3. Also helps if one has less experience about the SMS menu

B700F120 LED server hung

AIX server migrated from AIX5.3 to AIX6.1 on 9117-mmb frame and the server hangs at the LED B700F120

B700F120

Explanation

Platform firmware detected an error

Response

The platform is unable to support the requested architecture options requested by the operating system via ibm,client-architecture-support interface.

Solution

6100-01 is not supported on a 9117-mmb. So if installing the AIX operating

system on a 9117-mmb frame, please make sure you go with one of these options.

AIX 6.1 with the 6100-04 Technology Level and Service Pack 3, or later.
AIX 6.1 with the 6100-03 Technology Level and Service Pack 5, or later.

AIX 6.1 with the 6100-02 Technology Level and Service Pack 8, or later.

If you have used lpp and spot of 6100-01 level, please update the lpp and spot to the above mentioned TL levels and perform the migration.

By doing so, you can bypass this LED hung of server during the reboot of the server after the OS migration

How to list files in alphabetical order in a directory

We know how to list the files by sorting with time, and using long list options, but anyone knows how to list based on the alphabetical order.

Here is the simple command to do that :

cd to directory and then

# ls -ltr | awk ' { print $9 }' | sort -d

This will list files based on alphabet order.

find oslevel of the clone rootvg

We usually know how to find the oslevel of a server, but if we want to find the oslevel of the cloned rootvg that exists in the disk, then its very simple.

Using the below blvset command, you can find the oslevel in the clone vg/disk.

/usr/lpp/bosinst/blvset -d /dev/hdisk0 -g level

Where hdisk0 is part of the cloned rootvg as below.

# lspv | grep rootvg
hdisk0 00z301dce111df74 altinst_rootvg
hdisk1 00c503d45e50dr04 rootvg active

If we need few more details on the cloned disk, then below command will be useful. If we need TL level just need to check the date when clone performed and we know when the TL or SP upgrade happened on the server. so based on that we can decide the TL level.

/usr/lpp/bosinst/blvset -d /dev/hdisk0 -g menu
locale: C C C C C C
console:
blvname: hd5
targ_dev: /dev/hdisk0
root_fsattr: hd4:jfs2:hd8
timestamp: Fri Jun 28 12:57:06 2013
padstring: 7.1 pad string:@%$#~!~~!~#$%@

dlpar not working between from hmc

Usually, if DLPAR fails due to below reason, its always problem with the rmc connection, which depends on RSCT daemons.

Error :

"A RMC network connection to the partition is not present.

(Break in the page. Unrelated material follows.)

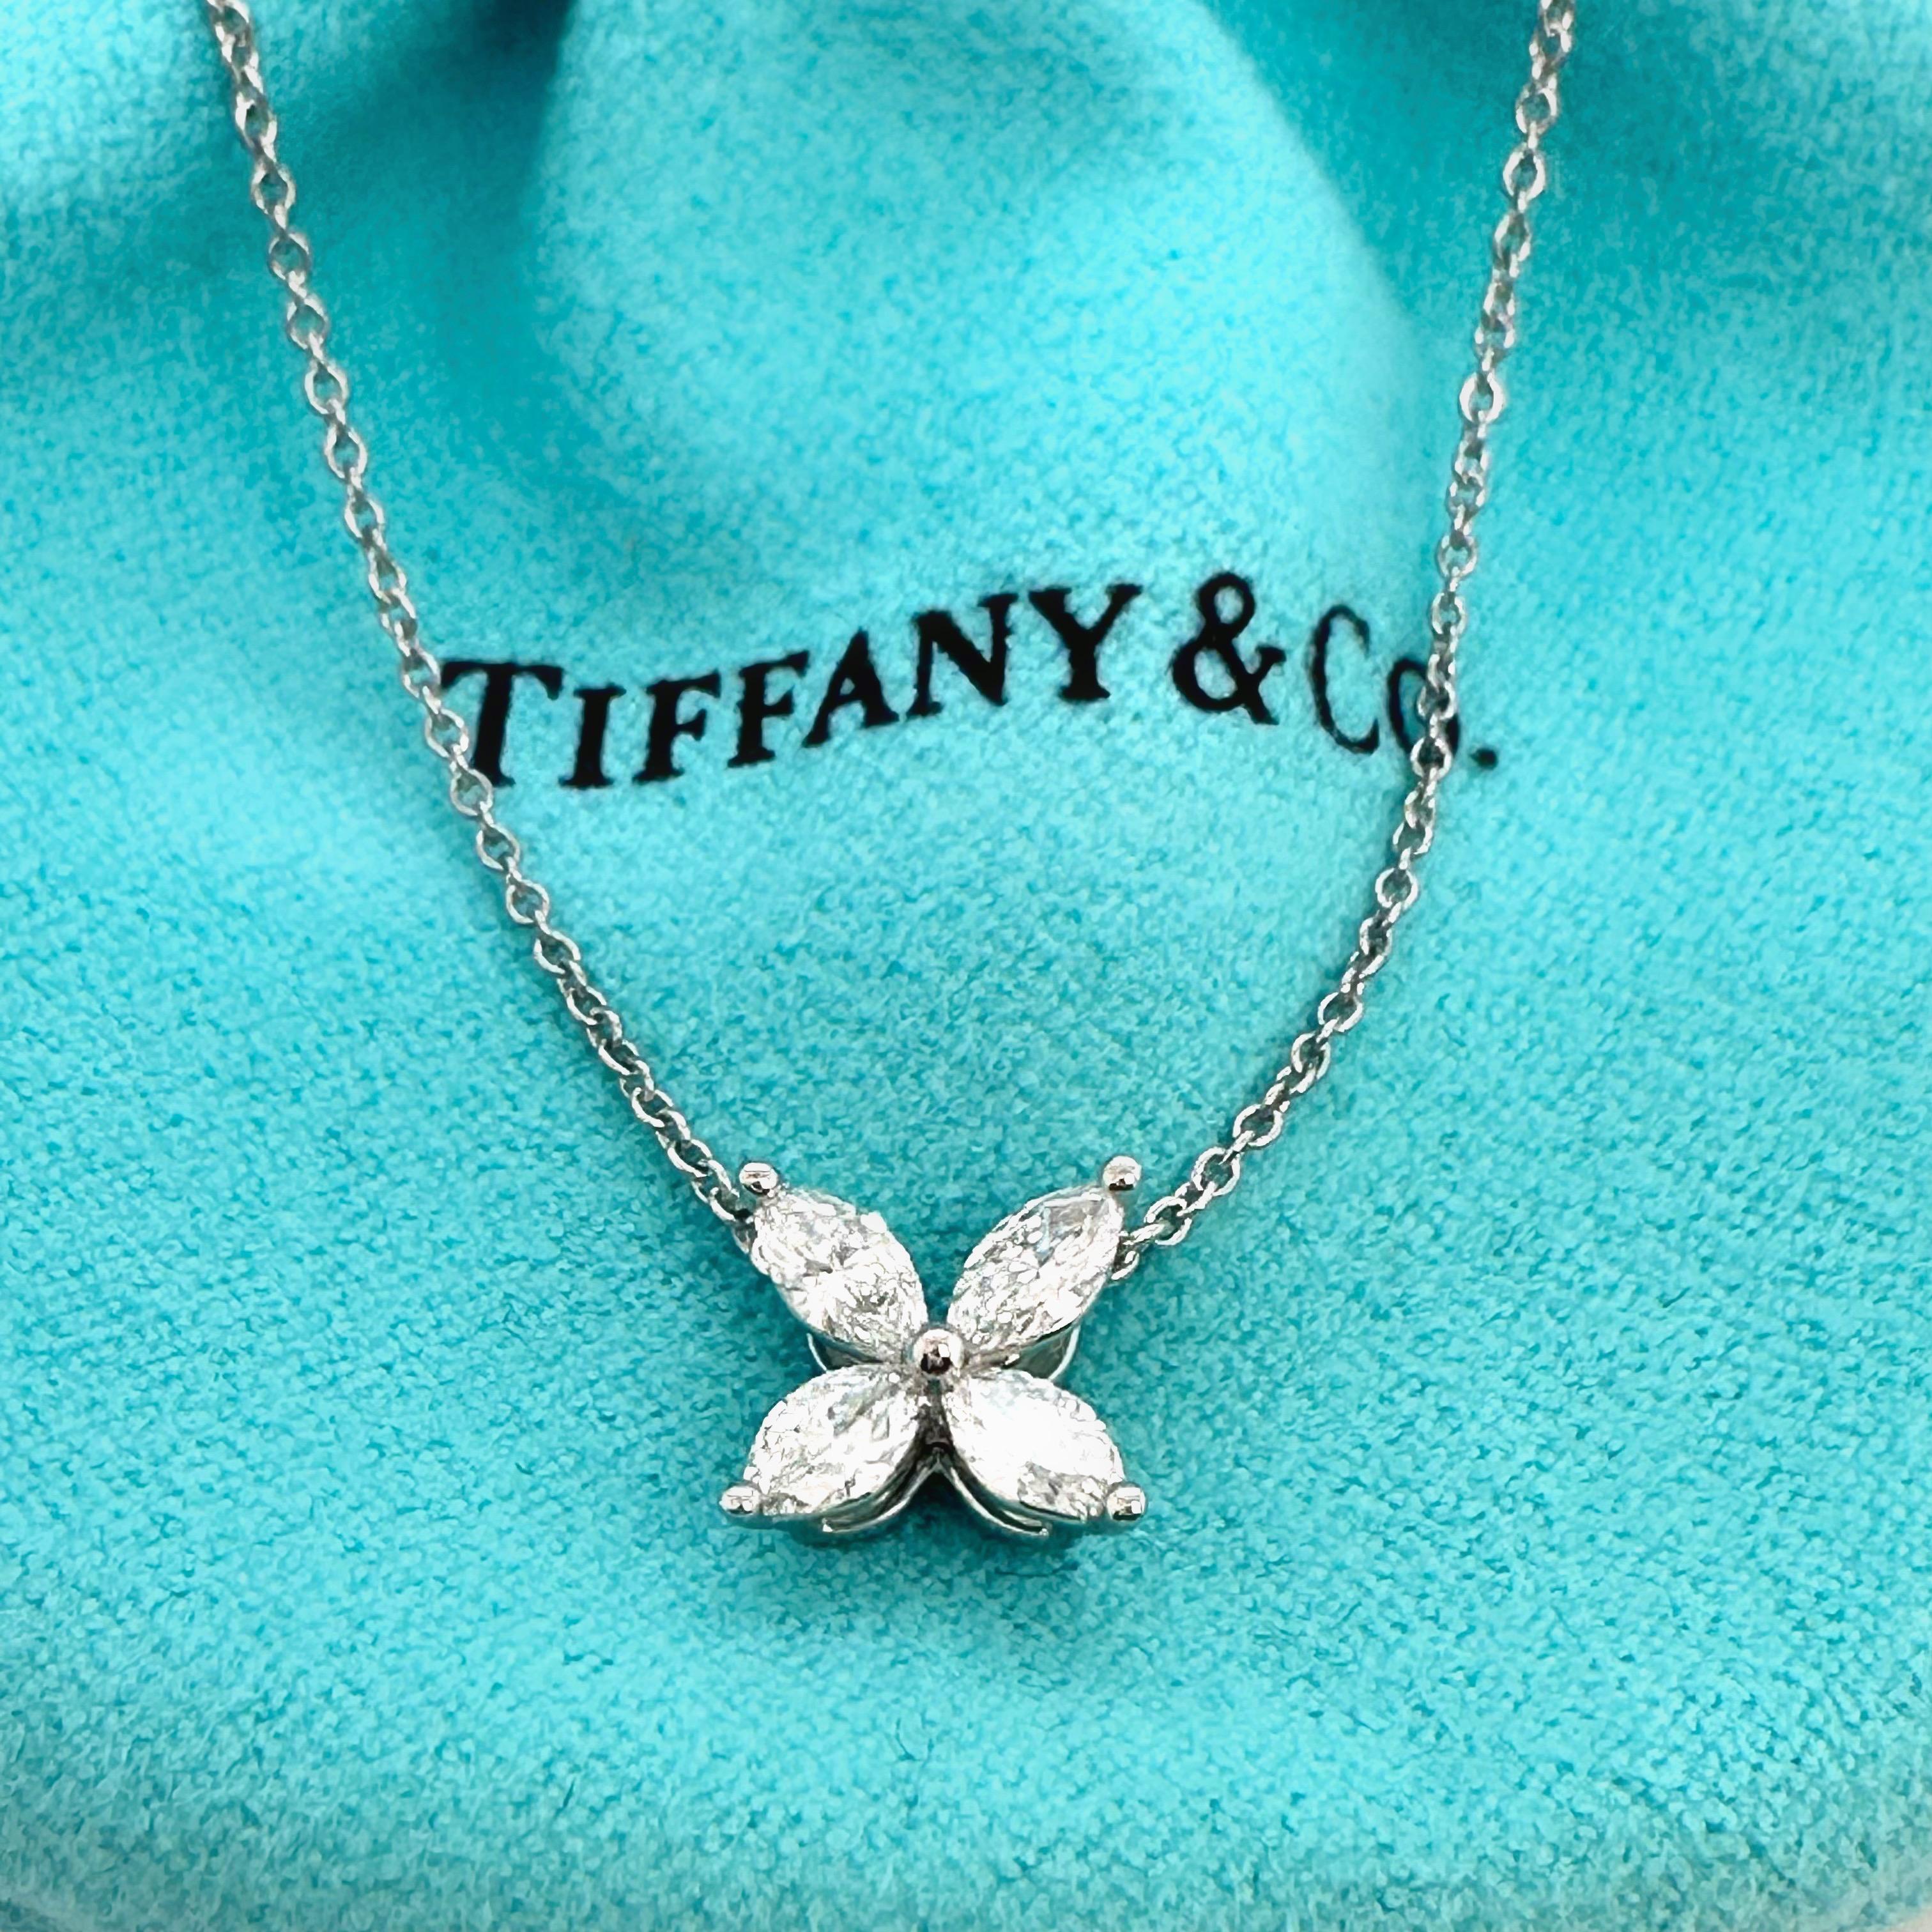 tiffany victoria necklace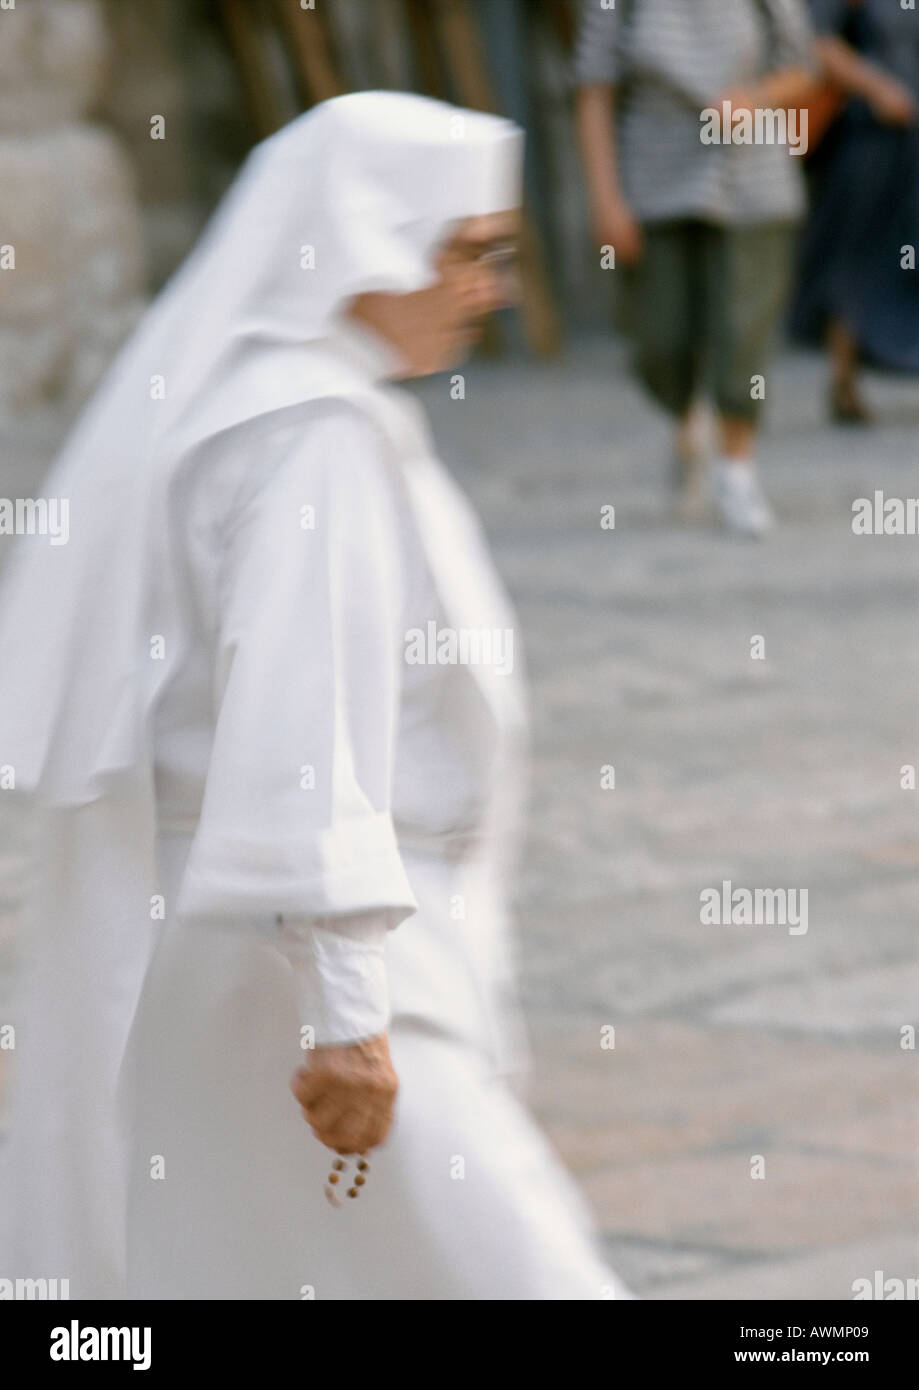 Nun walking in street, side view Stock Photo

Verify the network settings on the partition and the HMC. If you select OK you will have to restart the partition for the resource changes to take effect."

Solution :

The very easy best thing, that we can do for making DLPAR to work is restart RMC along with the rsct group daemons, with the help of below three commands and wait for some 5 min, before you again test the dlpar capability.

# /usr/sbin/rsct/bin/rmcctrl -z
# /usr/sbin/rsct/bin/rmcctrl -A
# /usr/sbin/rsct/bin/rmcctrl -p

# lssrc -a | grep rsct

- IBM.DRM should be in active state

Go back to the HMC restricted shell command prompt

# lspartition -dlpar
the partition shows correct hostname & IP
Active<1> and Decaps value 0x3f

The above values mean that the partition is capable of a dlpar operation.

If above things don`t work even you wait for 5 to 10 min, please execute the above commands followed by therecfgct command. Below is the command.

/usr/sbin/rsct/install/bin/recfgct

Wait for sometime and give a try. It should work for sure if the problem is with the RMC, rsct related otherwise the problem may be because of firewall between your hmc and the server.

How to delete a file using inode

If the part of file name has some invalid charecters then we may face difficulty in deleting that file, so the best option to delete the file would be using inode number.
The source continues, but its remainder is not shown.